Still no where I can purchase it - but at least I'm clearer on what you're referring to.


----------



## rocco (Apr 30, 2005)

Pirx said:


> I just switched my chain lubricant, and gave Chain-L No. 5 a try. What can I say: That stuff really works. No chatter, and my drivetrain is almost completely silent now. By far the biggest noise maker is my PowerTap hub now, the freewheel, that is. So I keep pedalling...  YMMV, but it may be worth a try; it's just a few bucks. I think they send you samples for $4, including shipping.



OK... this is just joke, right?


----------



## Pirx (Aug 9, 2009)

rocco said:


> OK... this is just joke, right?


No, it's not.


----------



## Tinea Pedis (Aug 14, 2009)

Ok, so got the bike back from the lbs and it is quieter...

However still seems to have noise from from the rear cass and a clicking that almost sounds like rubbing on the fd - but I know that it's not...

Thinking maybe it could be from the quick link not being done properly??

It's starting to get on my goat a little - as I, quite rightly I feel, think that SR should be quiet. Silent would be excellent, but I'd accept quiet. Yet I can't even claim to have that.


----------



## rocco (Apr 30, 2005)

C-40 said:


> The chain is noisier because it's free to move from side to side with no side load. Side loading actually quiets a chain, up to a certain point. When you approach one of the extreme angles, you get noise between the cog and chain, which is a different situation.

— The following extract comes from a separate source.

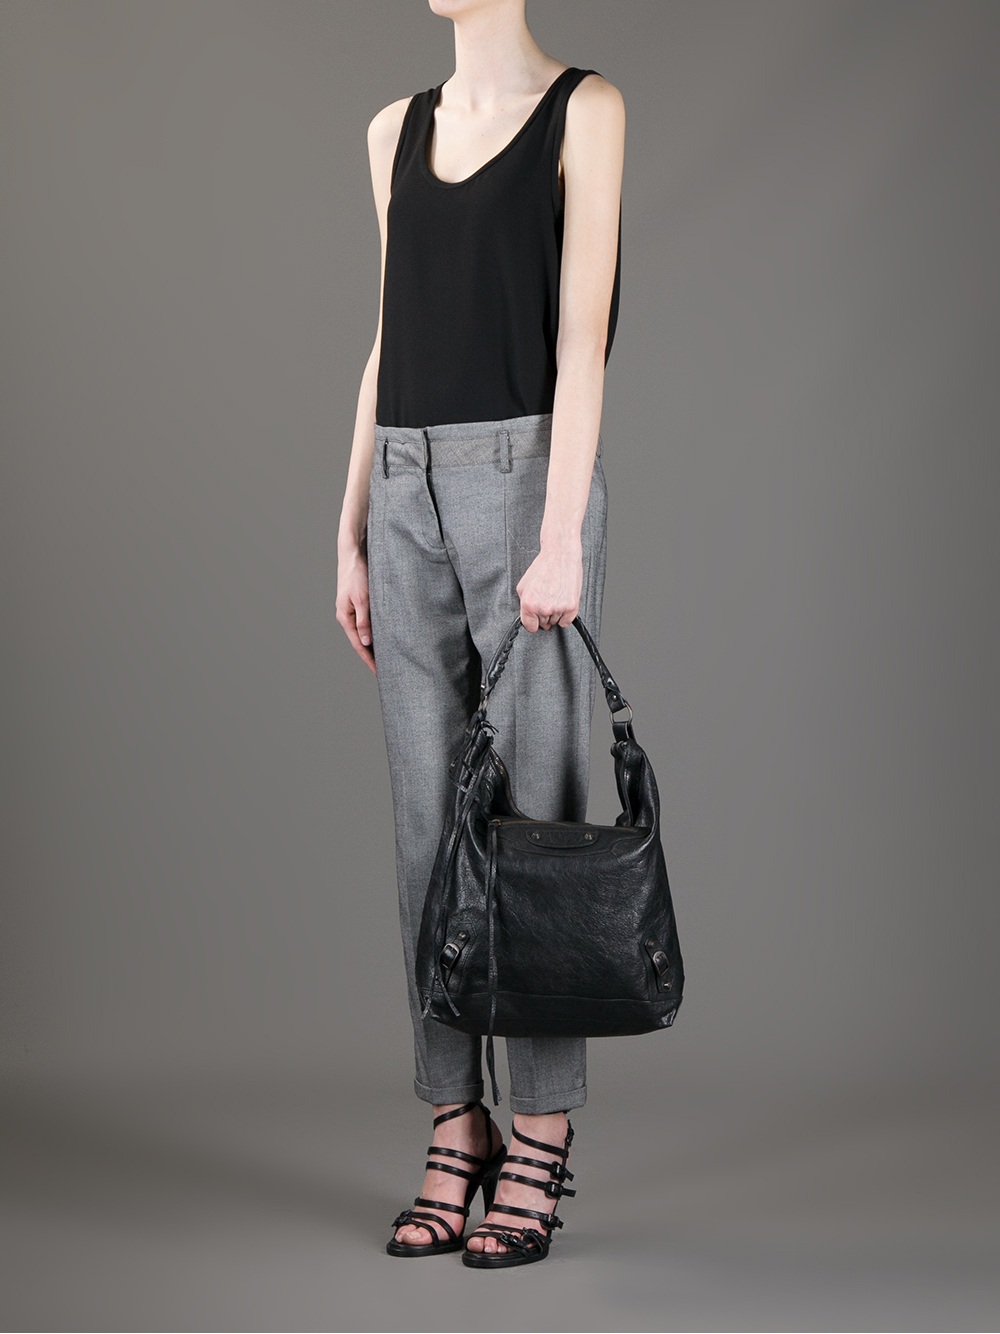 Balenciaga Classic Day Tote Bag in Black - Lyst

I applied new experimental home brew lube that is more viscous the Finish Line product I've been using. Hopefully that will helps quiet things down a bit.


----------



## Pirx (Aug 9, 2009)

Tinea Pedis said:


> Thinking maybe it could be from the quick link not being done properly??


Quick link? There is no quick link for the Campy 11-speed chain. Well, there is an aftermarket product by Lickton's bike store in Chicago, but that just came out, and there's almost no experience with this so far. On the other hand, if your store installed any other kind of quick link, then you should expect issues, because it won't really be compatible with Campy 11-speed.


----------



## Tinea Pedis (Aug 14, 2009)

Well where ever the chain is joined is what I was meaning to say...

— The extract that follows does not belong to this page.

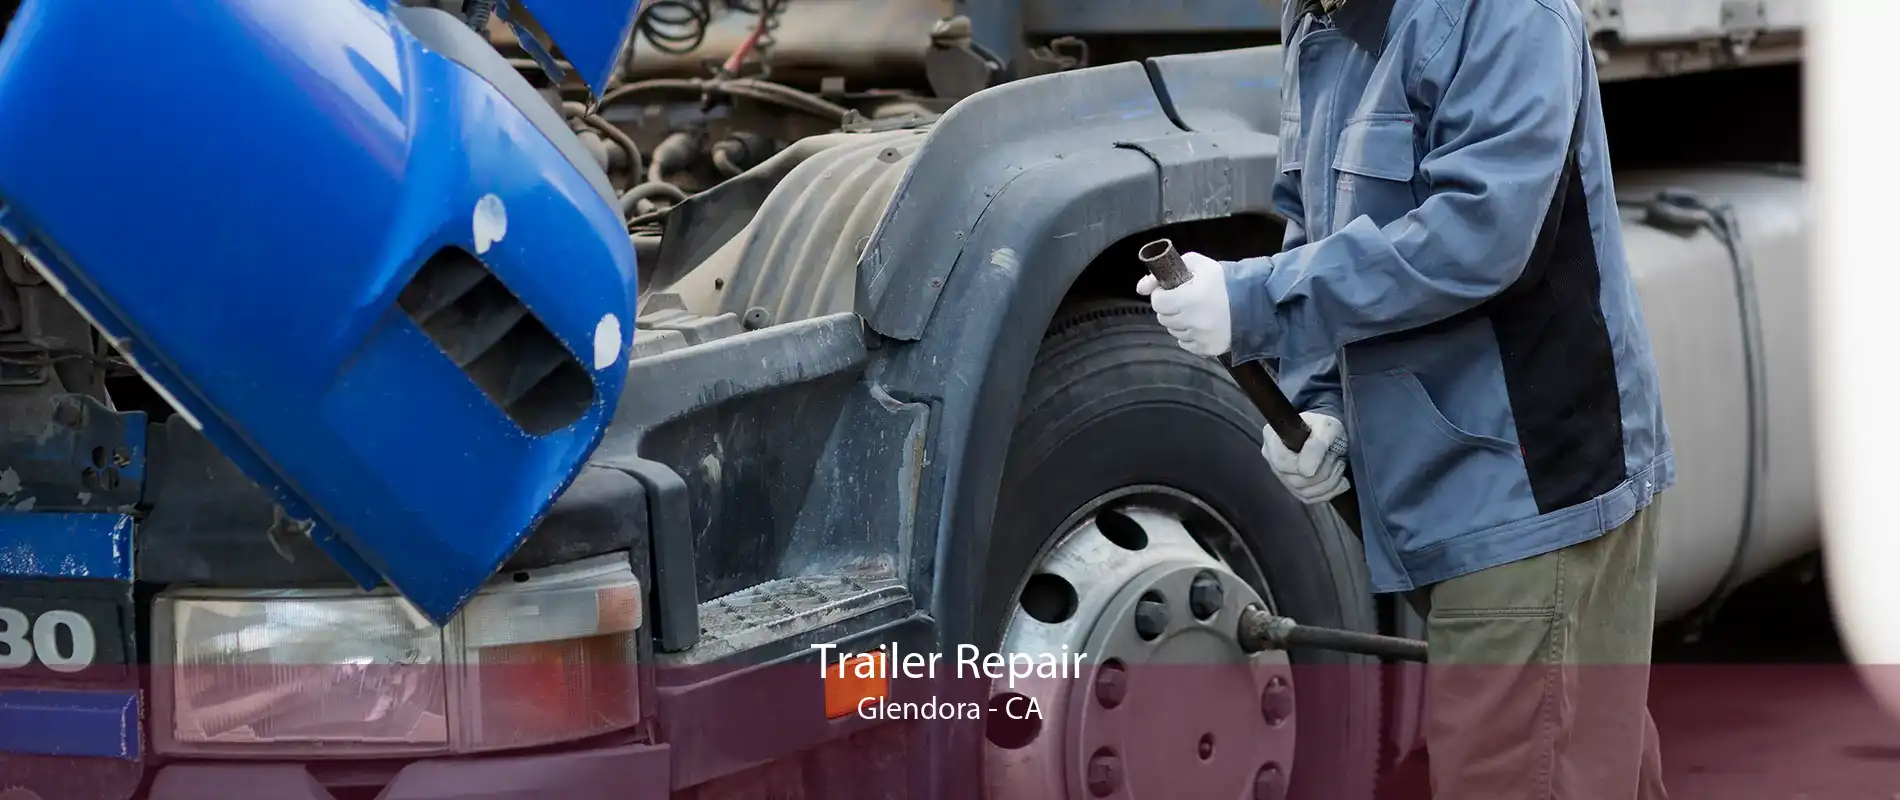 Trailer Repair Glendora - CA

As it seems this noise is getting consistant with a full rotation of the chain.


----------



## C-40 (Feb 4, 2004)

*????*



Tinea Pedis said:


> Well where ever the chain is joined is what I was meaning to say...
> 
> As it seems this noise is getting consistant with a full rotation of the chain.


Look at the chain. Surely you can see if there is a master link installed instead of the proper Campy joining pin. There are some master links that will work, but not many. The SRAM 10 poweloc should work, the Wipperman 10S1 will work, but it's no longer made and the KMC link for the Campy UN chain seems to work.

Don't expect SR to work better than the much cheaper Chorus. Those Ti cogs will last about half as long and there is nothing in the groupo that will make it quieter, just lighter. You pay a lot to save a few ounces. 

The SR CULT bearings in the BB are about the only thing in the whole group that's notable.


----------



## Richieg (Sep 16, 2006)

C-40 said:


> Look at the chain. Surely you can see if there is a master link installed instead of the proper Campy joining pin. There are some master links that will work, but not many. The SRAM 10 poweloc should work, the Wipperman 10S1 will work, but it's not longer made and the KMC link for the Campy UN chain seems to work.
> 
> Don't expect SR to work better than the much cheaper Chorus. Those Ti cogs will last about half as long and there is nothing in the groupo that will make it quieter, just lighter. You pay a lot to save a few ounces.
> 
> The SR CULT bearings in the BB are about the only thing in the whole group that's notable.


 The Chorus is a much better value IMO. It's about 700-800 less than SR. I been on two bikes with SR and one with Chorus...I couldn't tell the difference in either one. Also, they didn't really seem very loud I have the SR and hope to stay on the big ring most the time (keep the chain off the Ti cogs!)


----------



## Tinea Pedis (Aug 14, 2009)

C-40 said:


> Look at the chain. Surely you can see if there is a master link installed instead of the proper Campy joining pin. There are some master links that will work, but not many. The SRAM 10 poweloc should work, the Wipperman 10S1 will work, but it's not longer made and the KMC link for the Campy UN chain seems to work.
> 
> Don't expect SR to work better than the much cheaper Chorus. Those Ti cogs will last about half as long and there is nothing in the groupo that will make it quieter, just lighter. You pay a lot to save a few ounces.
> 
> The SR CULT bearings in the BB are about the only thing in the whole group that's notable.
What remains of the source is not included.